Wherein, countering the lossTwo discriminators D of a modified Cycle-GAN network respectively ₁ 、D ₂ Is a contrast loss of (1), a cyclic consistency loss L _cyc Two generators G for improved Cycle-GAN networks ₁ 、G ₂ Constraint of transform reversibility, identity mapping loss L _identity Is a normalized constraint performed by generating a converted image under the same mode, and the structural consistency is lost L _MIND Is a constraint on the structural similarity of the original image and the generated image, lambda _cyc 、λ _identity 、λ _MIND Respectively represent L _cyc 、L _identity 、L _MIND Is of relative importance of (2);

s5: inputting the first deformation field and the second deformation field into a deformation field fusion network to superimpose the first deformation field and the second deformation field and output a final deformation field, wherein the deformation field fusion network is a 3D convolutional neural network;

s7: comparing the transformed floating image with the reference image to obtain a first total loss function, repeatedly executing steps S2-S7 to train the cross-modal flow sub-network, the single-modal flow sub-network, the deformation field fusion network and the space transformation network by taking the first total loss function as a target, and training the improved Cycle-GAN network by taking the second total loss function as a target until the training is completed, and executing step S8, wherein the first total loss function is as follows:

wherein ,representing the final deformation field, I _r1 Representing a floating image of a first modality, I _r2 A reference image representing a second modality,representing a floating image after a final deformation field distortion transformation, image similarity loss +.>Representing the transformed floating image +.>And image I _r2 Loss of image similarity between->Representing +.>The smoothness is subjected to constrained regularization loss, and lambda is a regularization coefficient;

2. The cross-modality medical image registration method of claim 1, wherein structural consistency is lost L _MIND The method comprises the following steps:

wherein M represents a mode independent domain descriptor MIND, I _r1 Representing a floating image of a first modality, I _r2 Reference image representing second modality, N ₁ and N₂ Respectively represent image I _r1 and I_r2 Wherein R represents a non-local region around voxel x; image G ₁ (I _r2 ) Refers to using generator G ₁ Image I _r2 Converted generated image, image G ₂ (I _r1 ) Refers to using generator G ₂ Image I _r1 And generating an image after conversion.

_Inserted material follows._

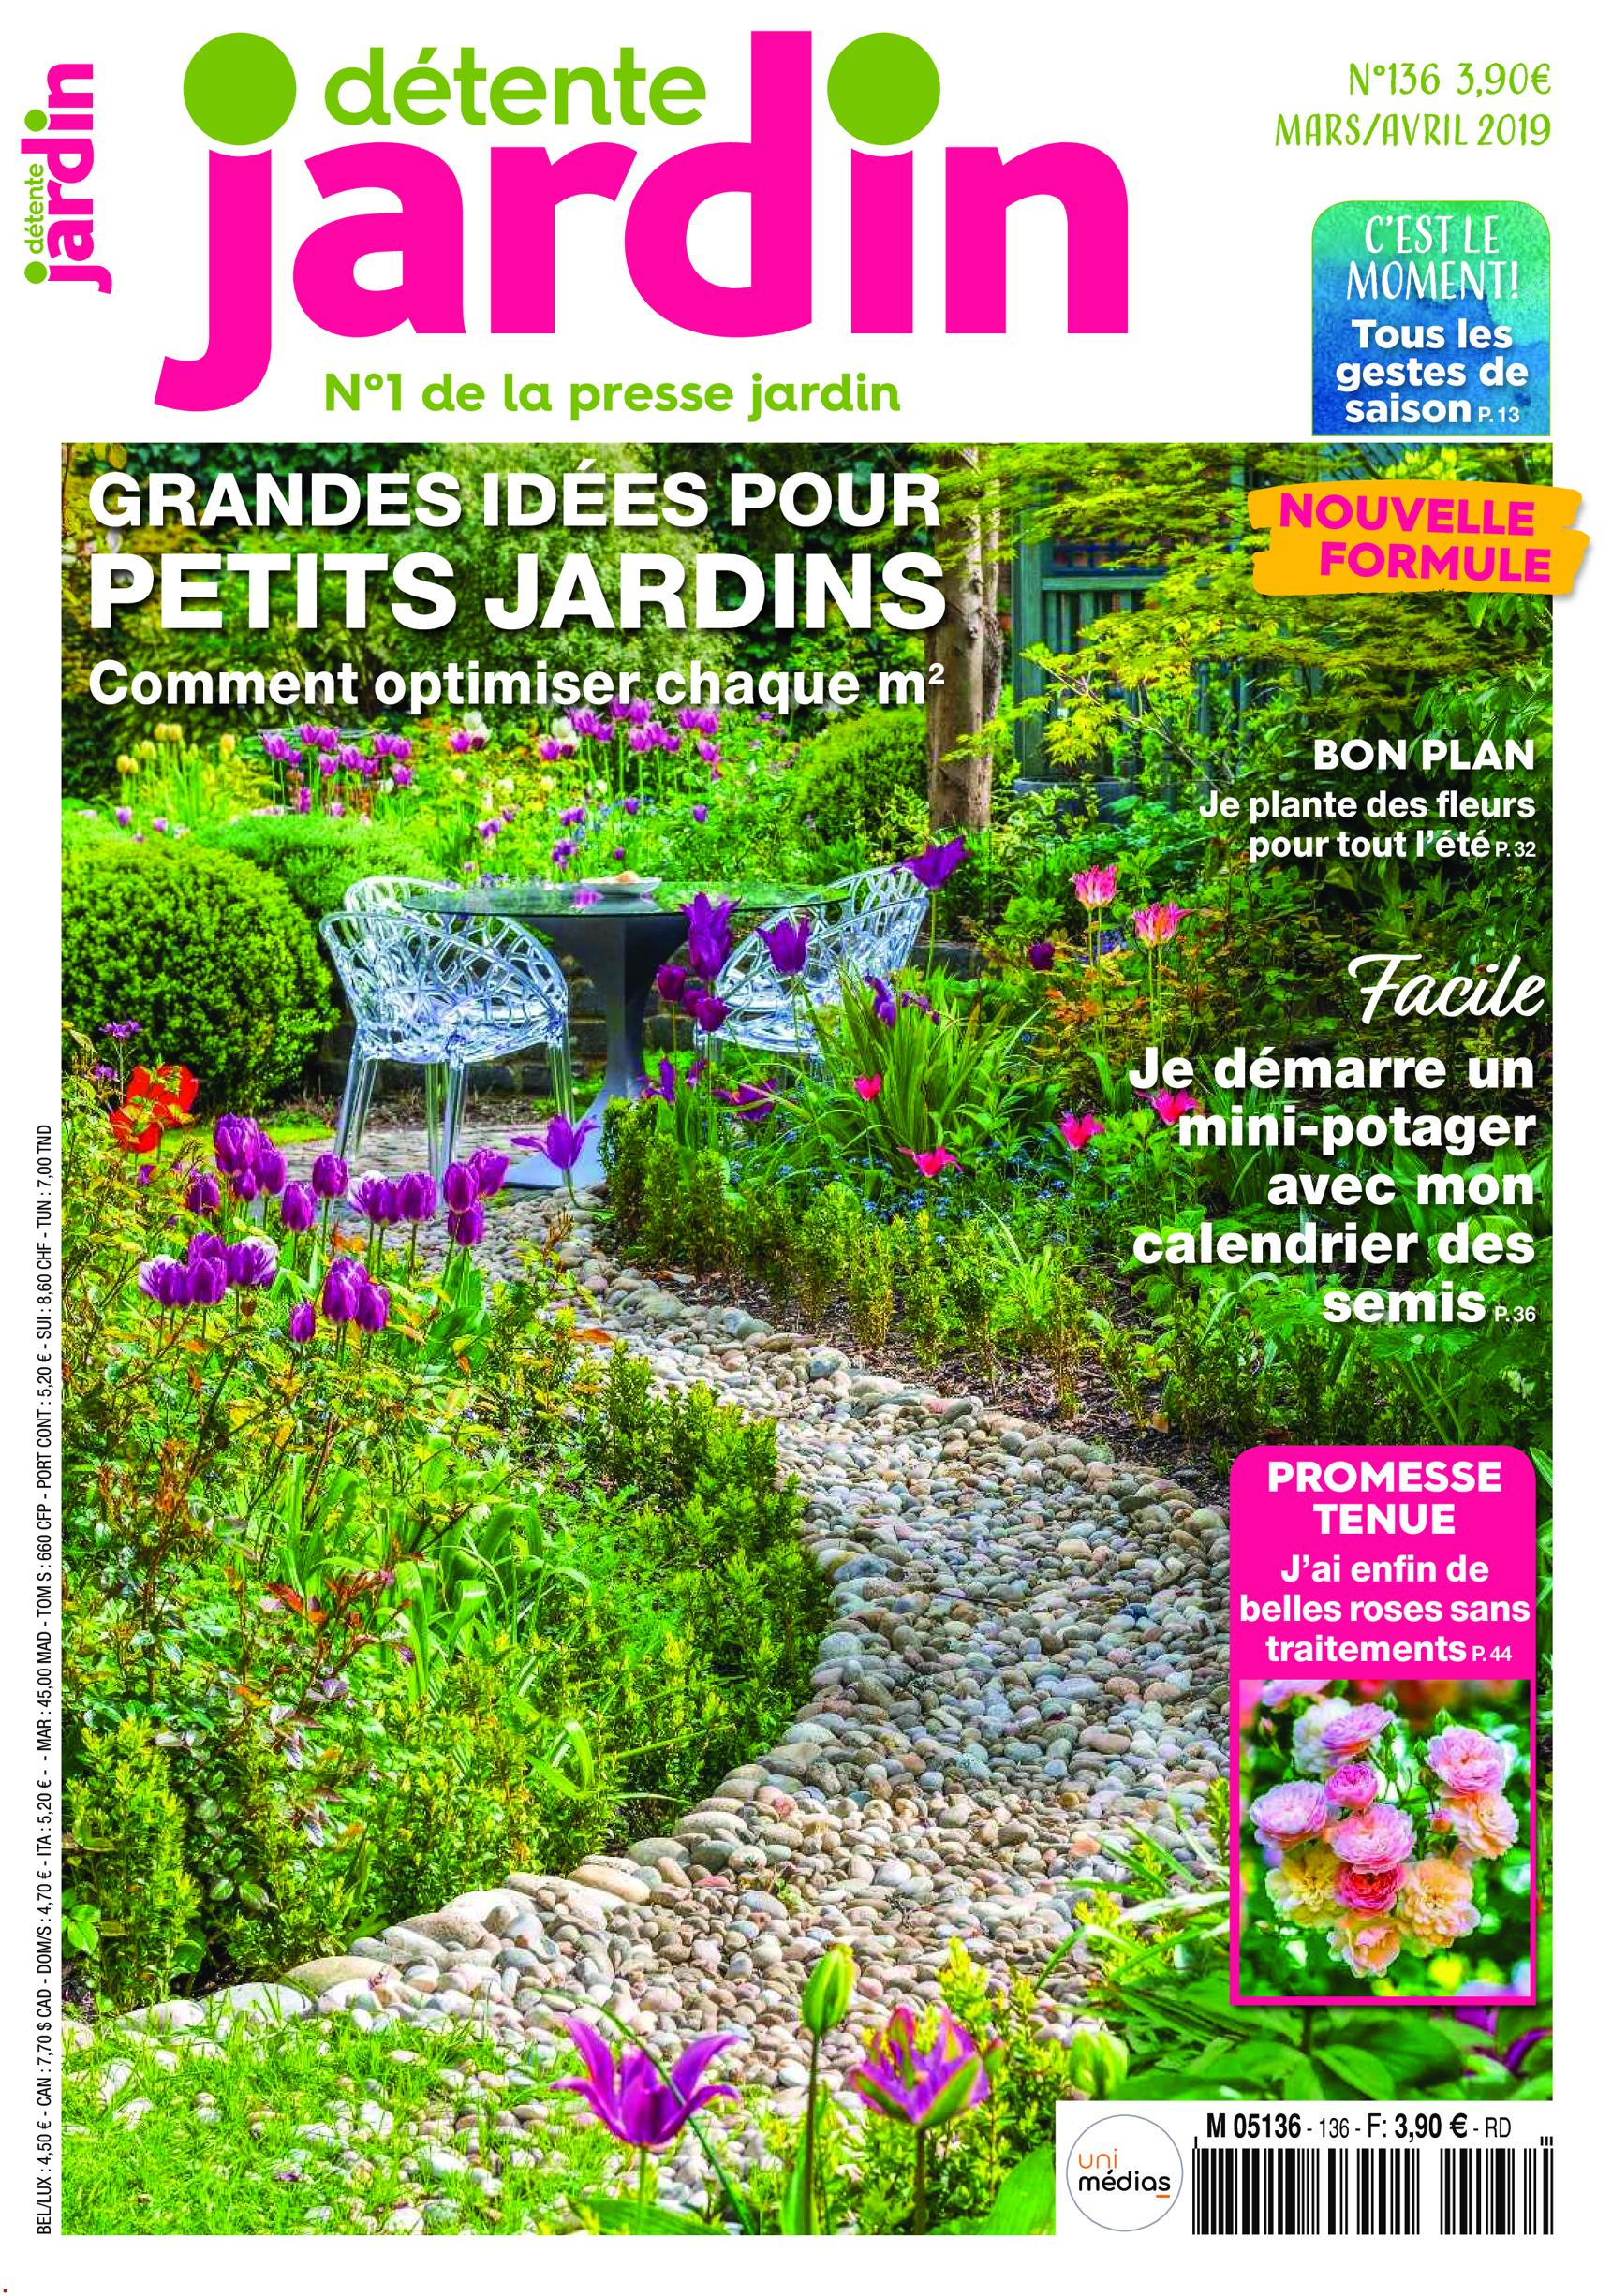 Détente Jardin - Mars/avril 2019 » Free Pdf Magazines For ... destiné Détente Jardin Magazine

3. The cross-modality medical image registration method of claim 1, wherein the identity mapping loses L _identity The method comprises the following steps:

L _identity ＝||G ₁ (I ₁ )-I ₁ || ₁ +||G ₂ (I ₂ )-I ₂ || ₁

4. The cross-modality medical image registration method of claim 1, wherein the cross-modality flow sub-network employs a UNet network structure, wherein the UNet network structure includes an encoder and a decoder, and wherein convolved layers of the encoder and the decoder employ a skip connection.

5. The cross-modality medical image registration method of claim 1, wherein the single modality flow sub-network employs a UNet network structure, wherein the UNet network structure includes an encoder and a decoder, and wherein convolved layers of the encoder and the decoder employ a skip connection.

6. The cross-modality medical image registration method of claim 1, wherein the spatial transformation network includes a spatial grid generator that generates a sampling grid from the final deformation field, and a sampler that spatially warp the floating image from the sampling grid.

7. A cross-modality medical image registration apparatus comprising a processor and a readable storage medium storing executable instructions executable by the processor, the processor being arranged to cause the cross-modality medical image registration method of any one of claims 1 to 6 to be implemented by the executable instructions.